» **TRY IT**:
Line by line, give the data again exactly as it appears, but without pictures.

» **DATA BELOW**:
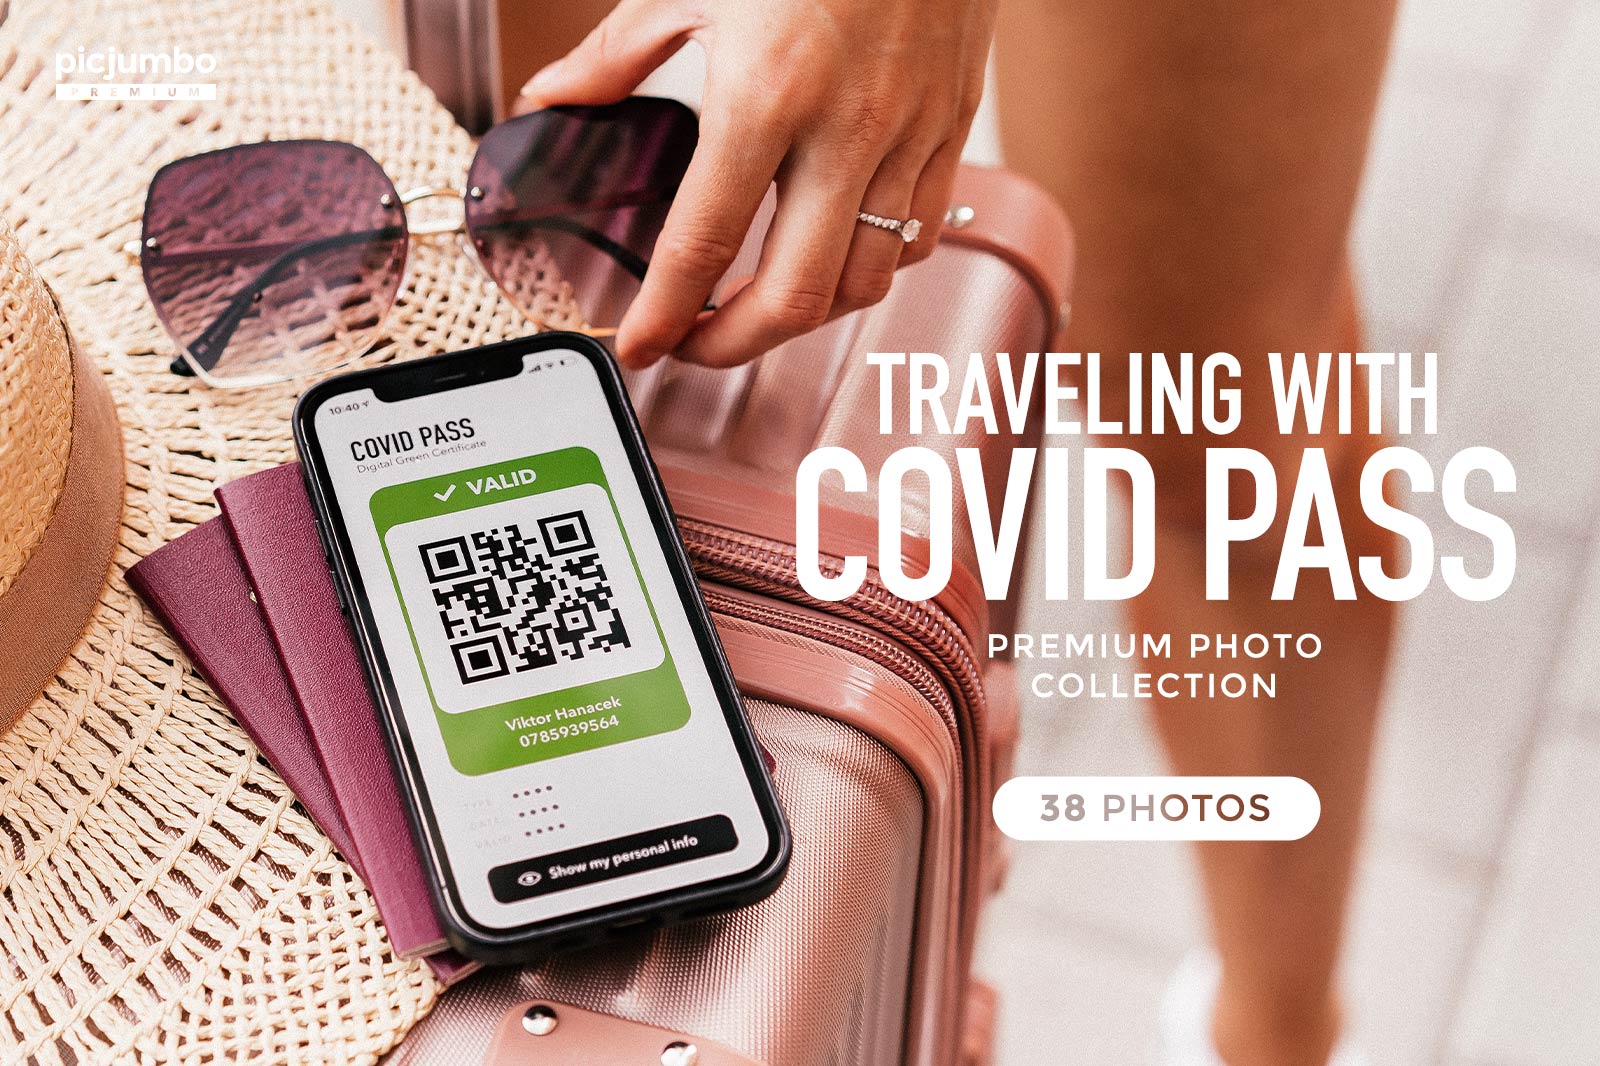 Download hi-res stock photos from our Traveling with Covid Pass PREMIUM Collection!
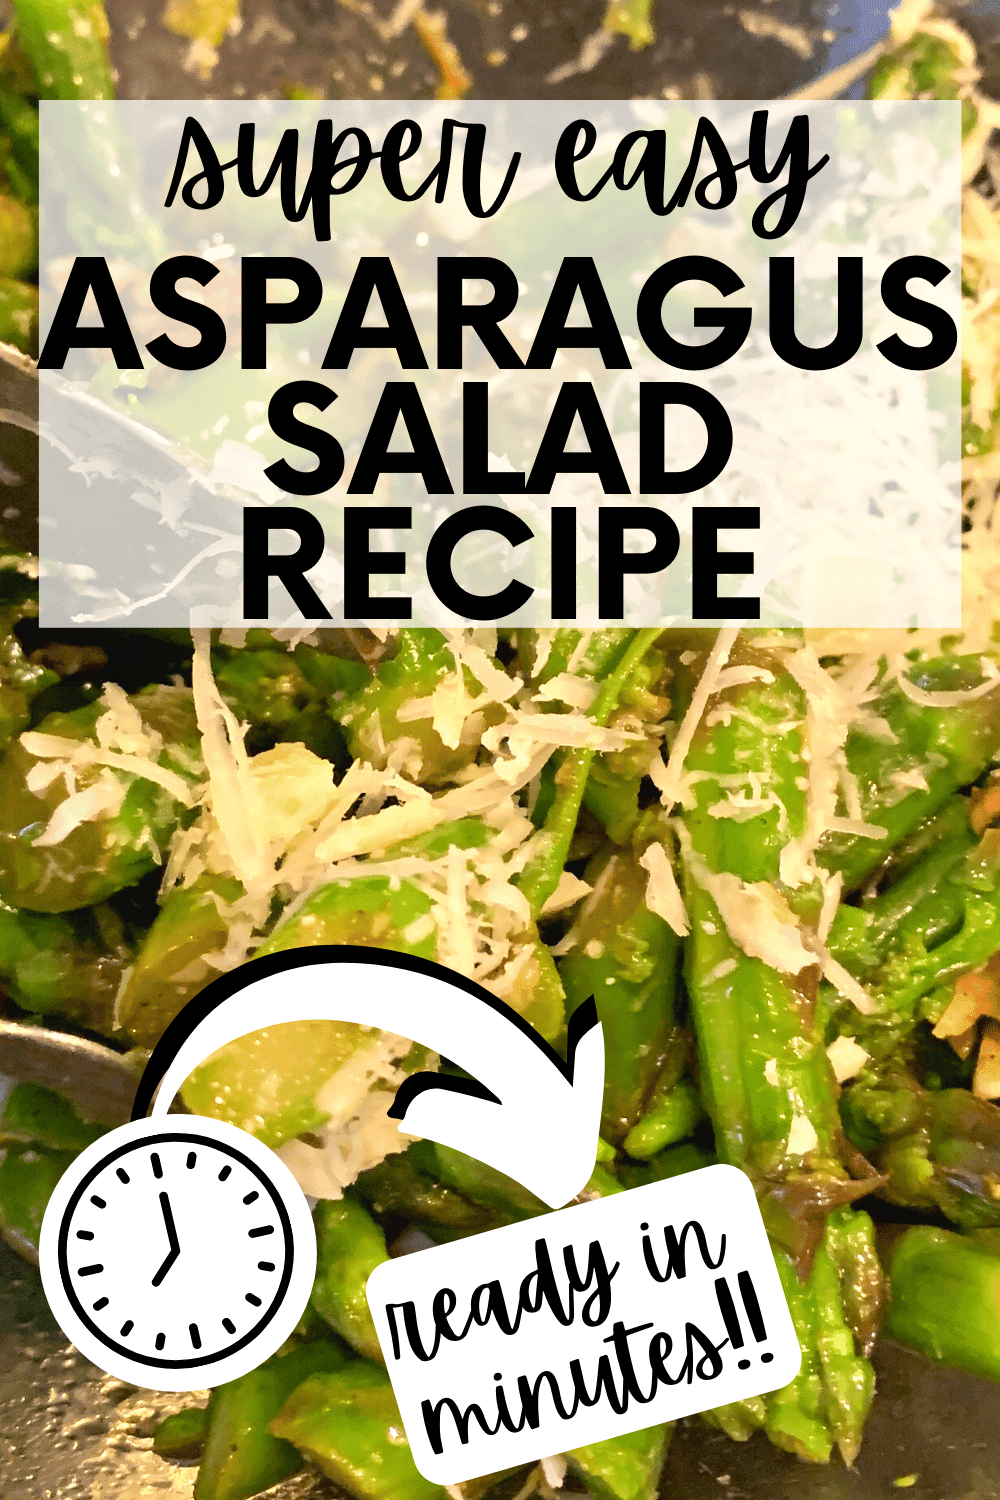 Quick and Easy Cold Asparagus Salad Recipe (roasted asparagus salad recipes)
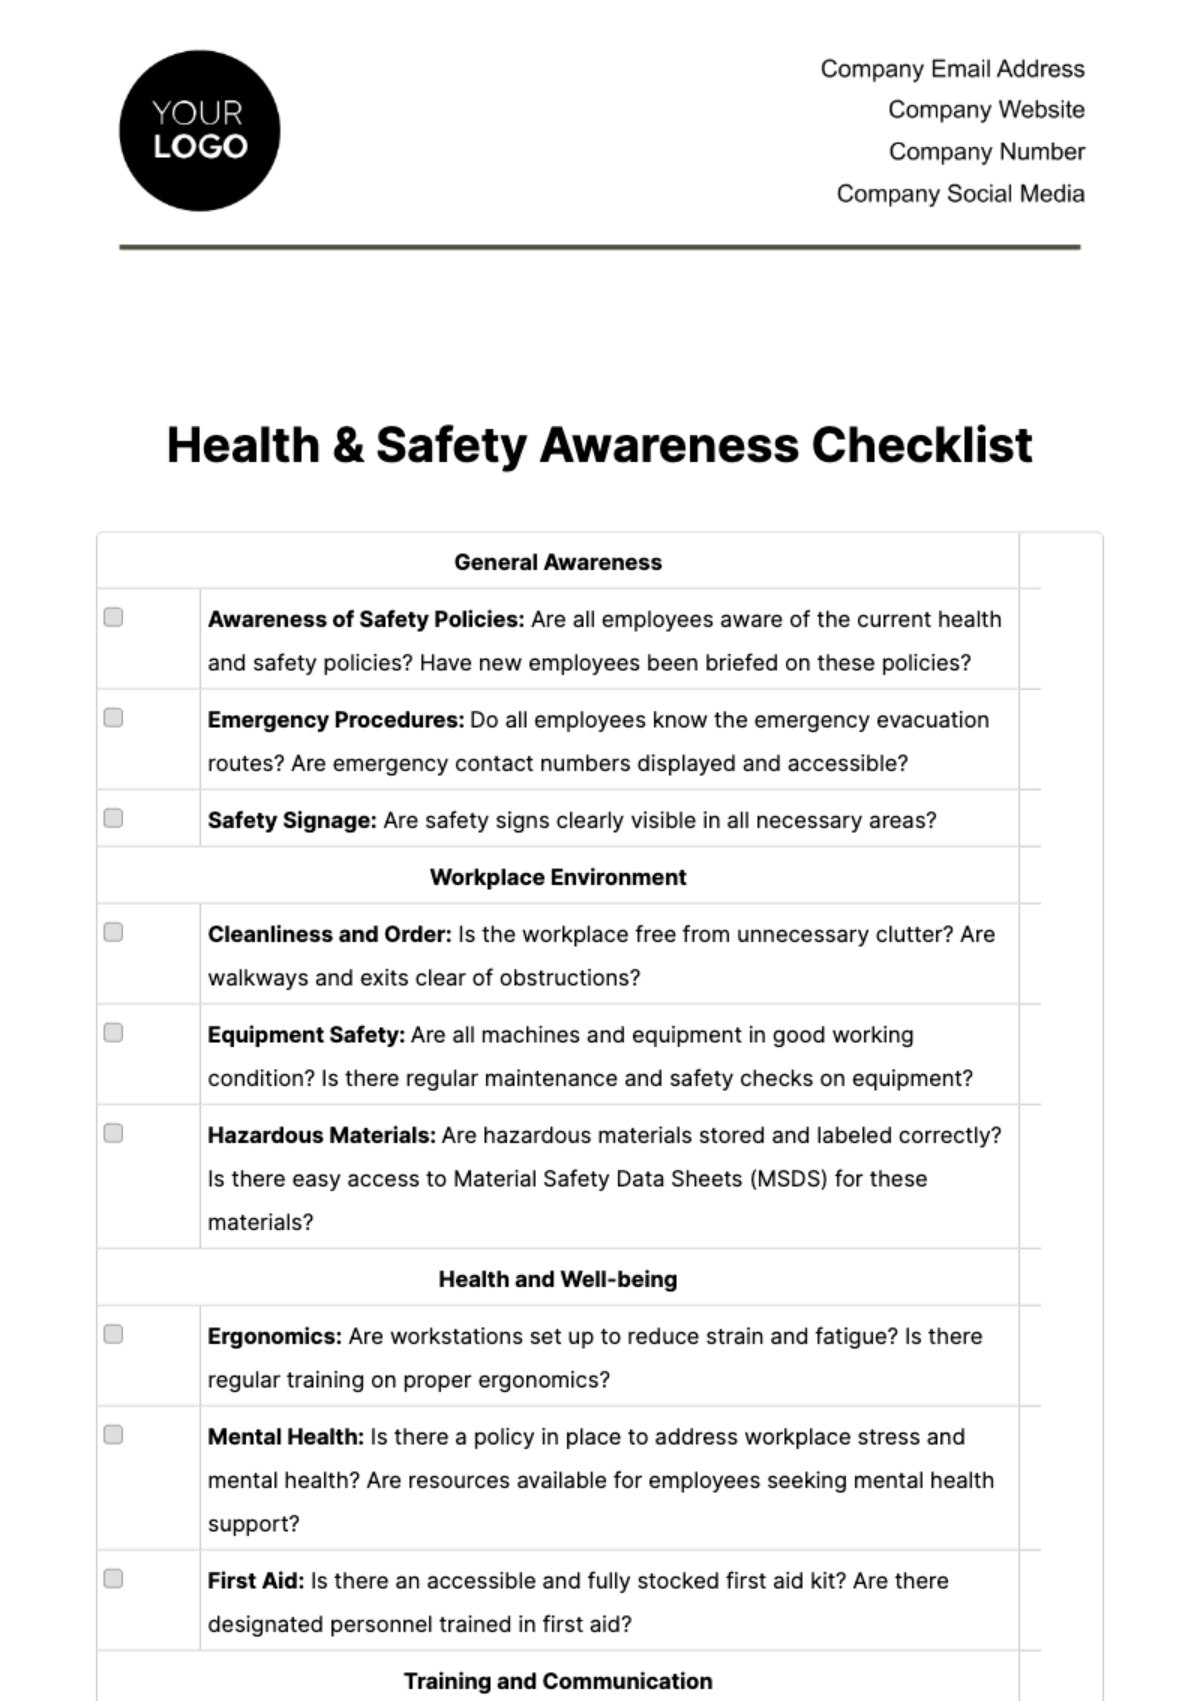 Free Health & Safety Awareness Checklist Template
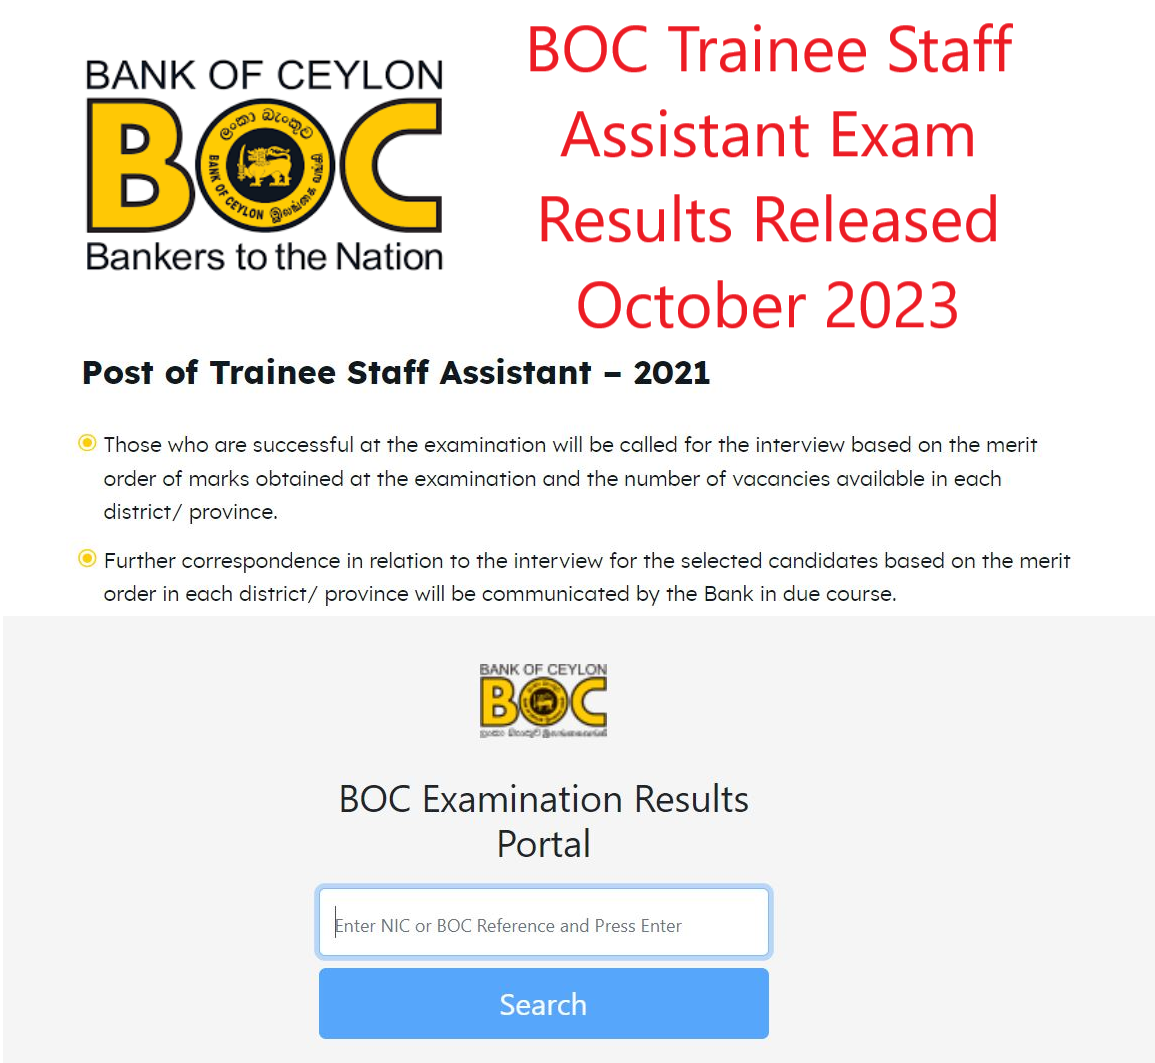 BOC Trainee Staff Assistant Exam Results 2021

» **ANSWER BOX**:
 Download hi-res stock photos from our Traveling with Covid Pass PREMIUM Collection!
 Quick and Easy Cold Asparagus Salad Recipe (roasted asparagus salad recipes)
 Free Health & Safety Awareness Checklist Template
 BOC Trainee Staff Assistant Exam Results 2021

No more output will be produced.